This review is only the culmination of a terrible trend. Why does The Stranger refuse to review any films which are not about groups of stuffed animals--and why does it review those films so poorly, using opinions which disagree so strongly with my own? This is a travesty. I will be returning my subscription fee post-haste, you can be sure of that.
Also, to go along with the theme of Megan knowing nothing about children here, most (maybe all?) developmentally normal 4 year olds are out of diapers. Also, my 4 year old asks questions because he cares about the answers and can sit still for an hour without screaming or running (because that would be inappropriate behavior for a 4 year old in a movie theater).
This was a great movie.

@5 - The Stranger has no interest in reaching out to readers with small children. The writers on Slog are mostly interested in condescending to parents and ridiculing them and their ridiculously fucking annoying children (why the fuck would anyone with young children ever take them out of the house, right?). Also, Slog writers were never children themselves. Their incredibly talented and accomplished parents picked them up when they were 19 from the world's most cynical cabbage patch.
YEAH Stranger, what's wrong with you writing a funny review of a Winnie the Pooh movie? As a dad I am so offended that you made me laugh and stuff. I'm so cranky I could use a nap! Just like most everyone else here.

This is like calling the kettle black. We get it Megan, you like candy bars.
Also, I love a snarky review by the Stranger every single time. And I also love snark directed toward children. But Megan has no idea what she's talking about. My almost-three-year-old does not act like the above, and she does care about the answers to questions. That's why she asks them. Also she hasn't pooped into a diaper in about year. Oh, and also, she doesn't beg to eat pies baked into cupcakes.
Boy, take a well-deserved potshot at the diapers and Gerber crowd, and watch the hunny hit the fan! Ms. Seling, I like your style and hope you keep up the good work. You know the old saying: "Every time you insult a baby, God laughs."
#7 and #9 - well put. I have a four year old, and yes, he is out of diapers and yes, he sits still and asks questions. For fuck's sake.
I thought this movie was pretty awesome, I went with my boyfriend and we both cracked up several times! =)
Yep, my four y.o. could actually sit still, ask questions (and give a shit about the answers), and keep from crapping in his pants quite well. Unlike many of the writers for The Stranger, it seems.
this is an awesome fucking review. i have a three-year old daughter and a six year old daughter, and even though i suspected my six year old is too old for this movie, AND my three year old hasn't worn diapers in quite awhile, i can't stop laughing. and now i know for sure not to bring my six year old to this movie. SO THIS REVIEW IS A WIN WIN. if you other parents don't like this review, read the fucking Times and shut up.

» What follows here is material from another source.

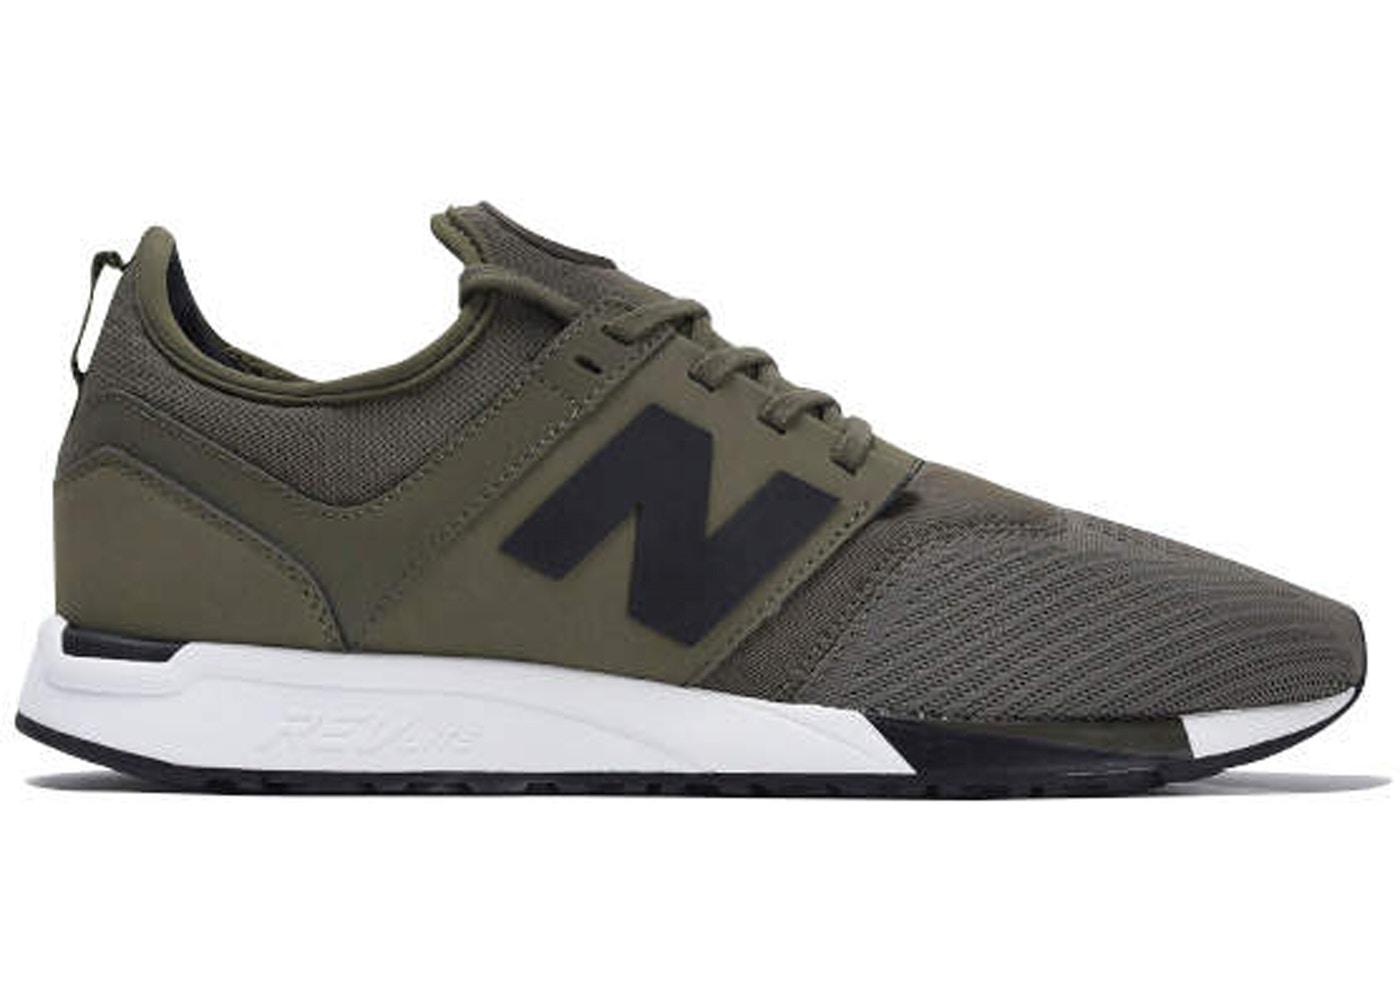 New Balance 247 Sport Olive - MRL247OL

Apparently, having children causes the brain's sarcasm centers to shut down.
Eeyore just keeping it real.
I have little kids and thiught this review was pretty funny. It was a lot better than that dumb fuck who wrote the restaurant review complaining that the baby screeching made her hangover hurt. That shit was fucking idiotic. This review, however: decent. Except that, of course and as pointed pout previously, four-year-olds don't wear diapers. Duh.
I think it looks cute. And I appreciate that there's a hand-drawn kids movie that's not total sensory overload--its a good way to introduce kids to going to the theater, and the parents won't be bored to death because its adorable.